====== RECORDS PROVIDED ======
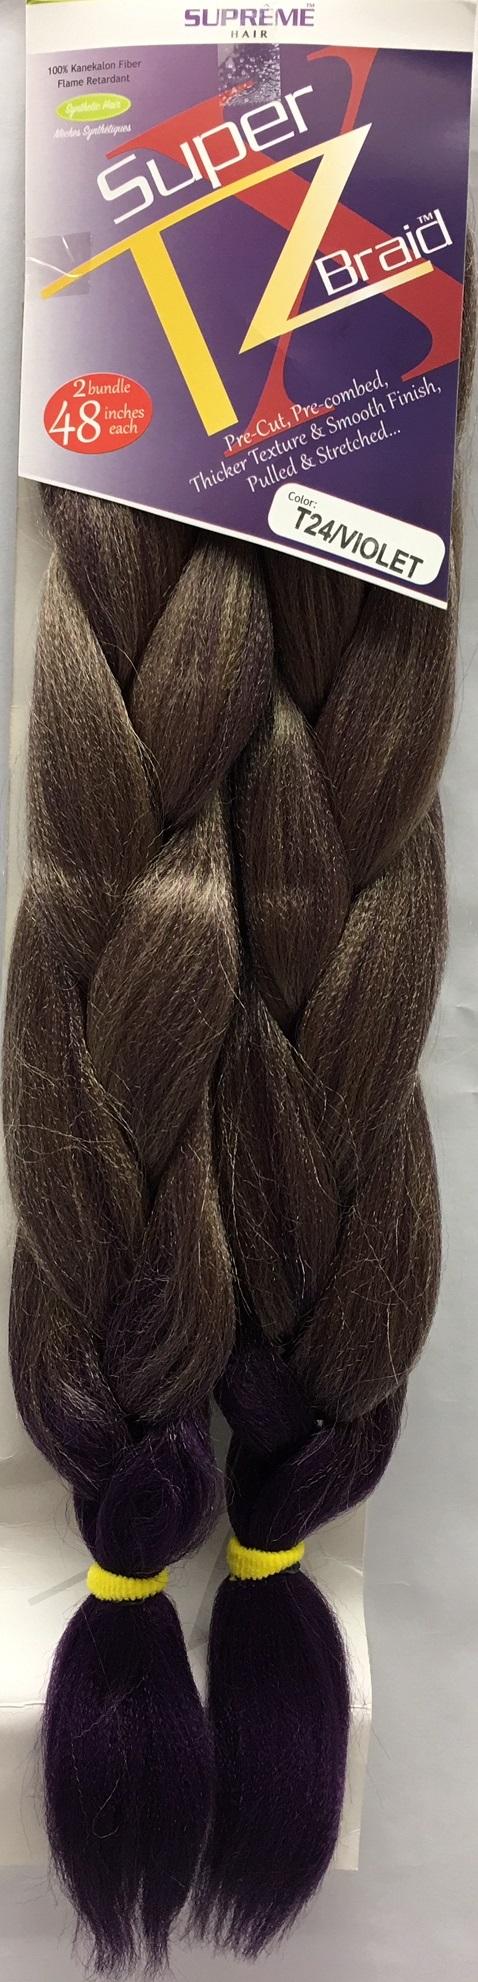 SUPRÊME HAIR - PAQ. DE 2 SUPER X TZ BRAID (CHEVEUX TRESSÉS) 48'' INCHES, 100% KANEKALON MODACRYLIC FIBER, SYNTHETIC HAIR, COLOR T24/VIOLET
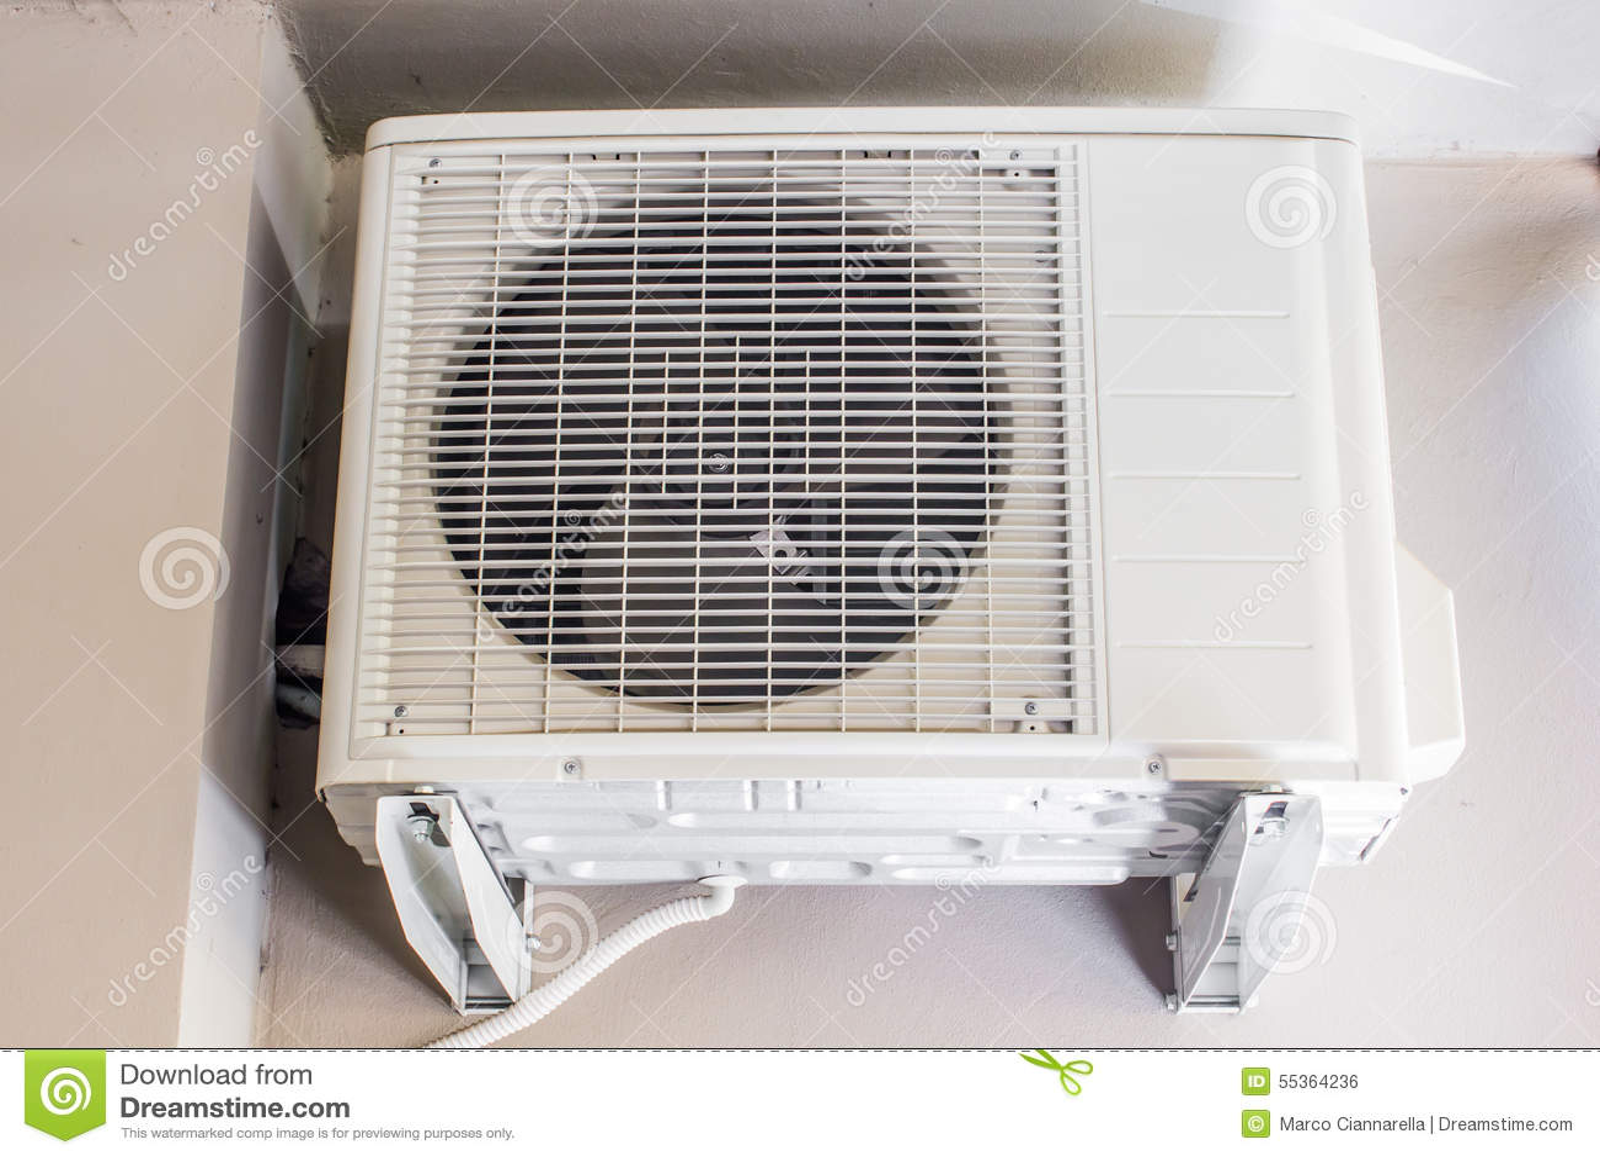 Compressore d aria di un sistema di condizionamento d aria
======
====== RECORDS PROVIDED ======
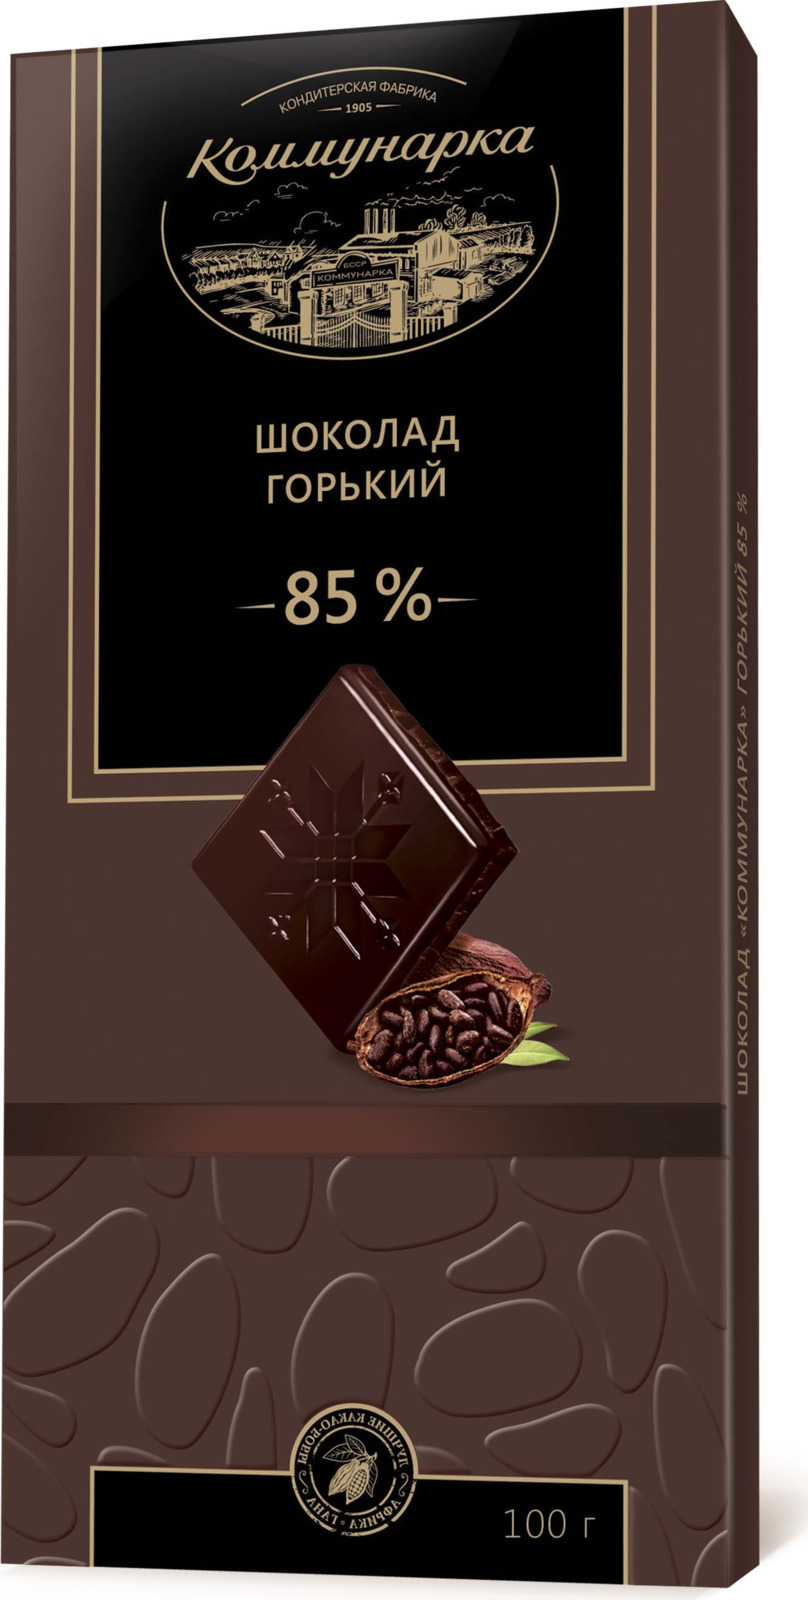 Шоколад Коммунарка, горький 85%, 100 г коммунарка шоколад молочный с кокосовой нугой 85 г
======
====== RECORDS PROVIDED ======
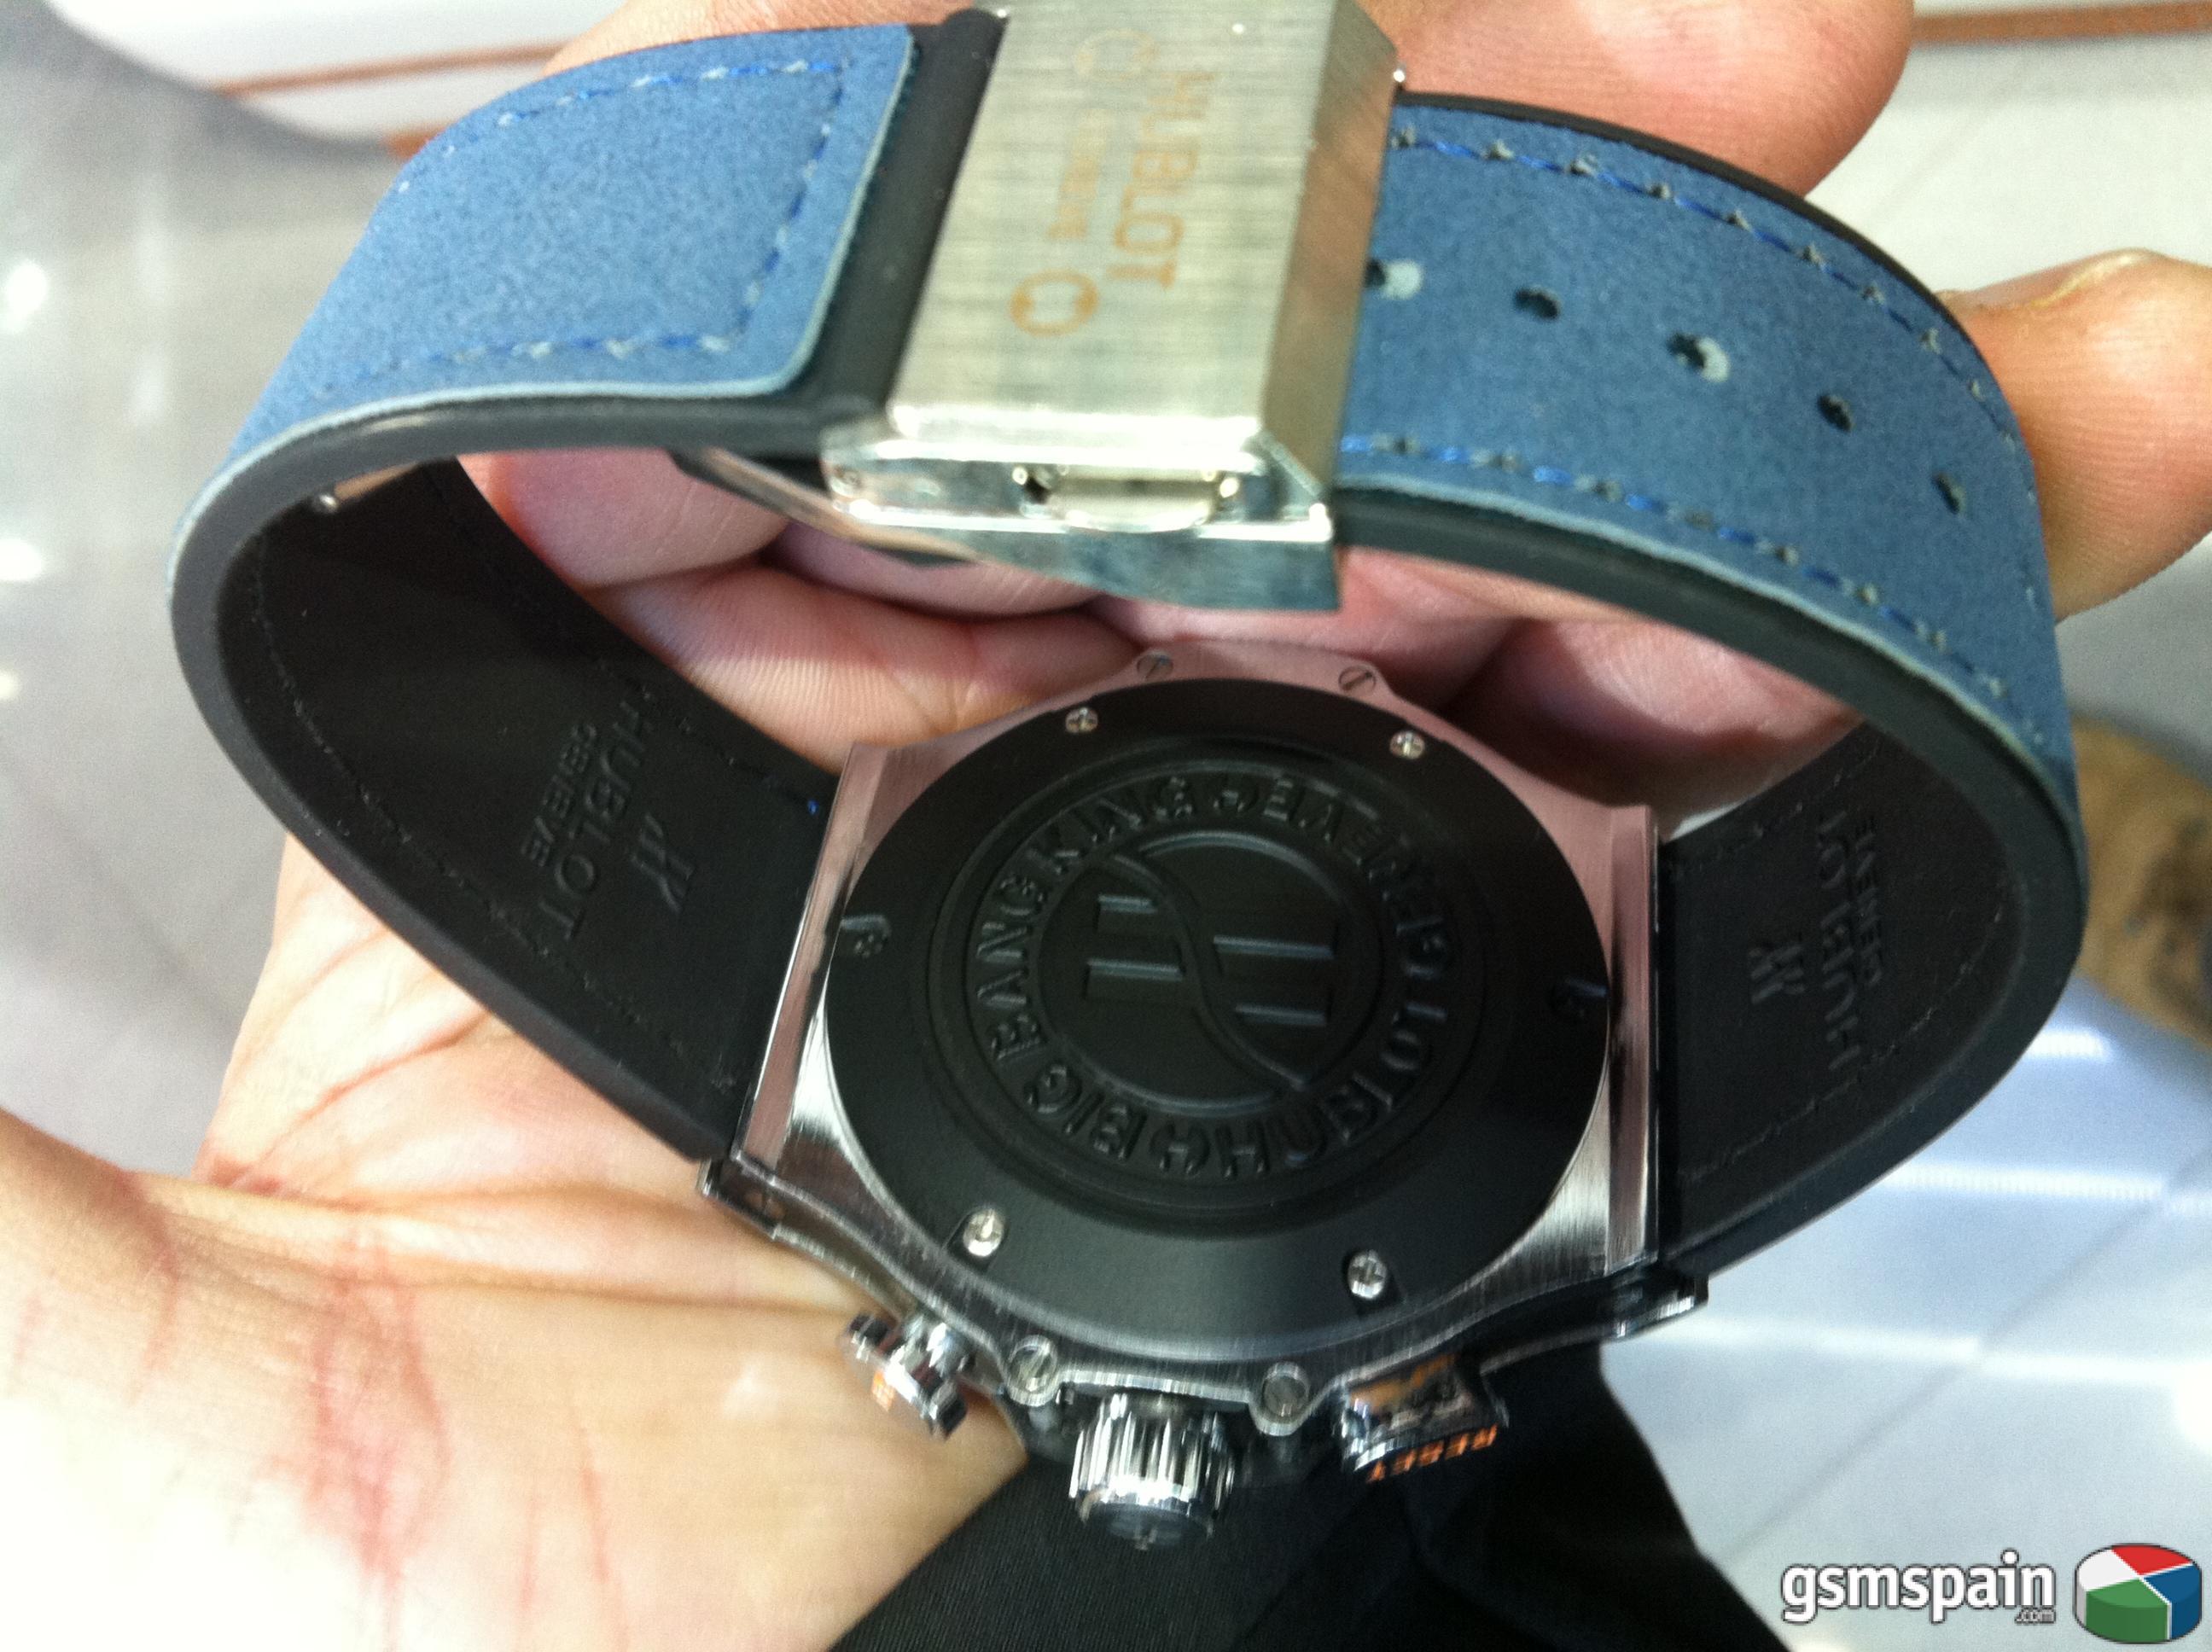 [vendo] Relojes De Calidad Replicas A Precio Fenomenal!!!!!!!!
======
_DIRECTIONS FOR THIS TASK_
Output only the stretch above from the line with "SUPRÊME HAIR - PAQ." through the line with "Compressore d aria", reproduced exactly. Exclude pictures.

_ANSWER SECTION_
 SUPRÊME HAIR - PAQ. DE 2 SUPER X TZ BRAID (CHEVEUX TRESSÉS) 48'' INCHES, 100% KANEKALON MODACRYLIC FIBER, SYNTHETIC HAIR, COLOR T24/VIOLET
 Compressore d aria di un sistema di condizionamento d aria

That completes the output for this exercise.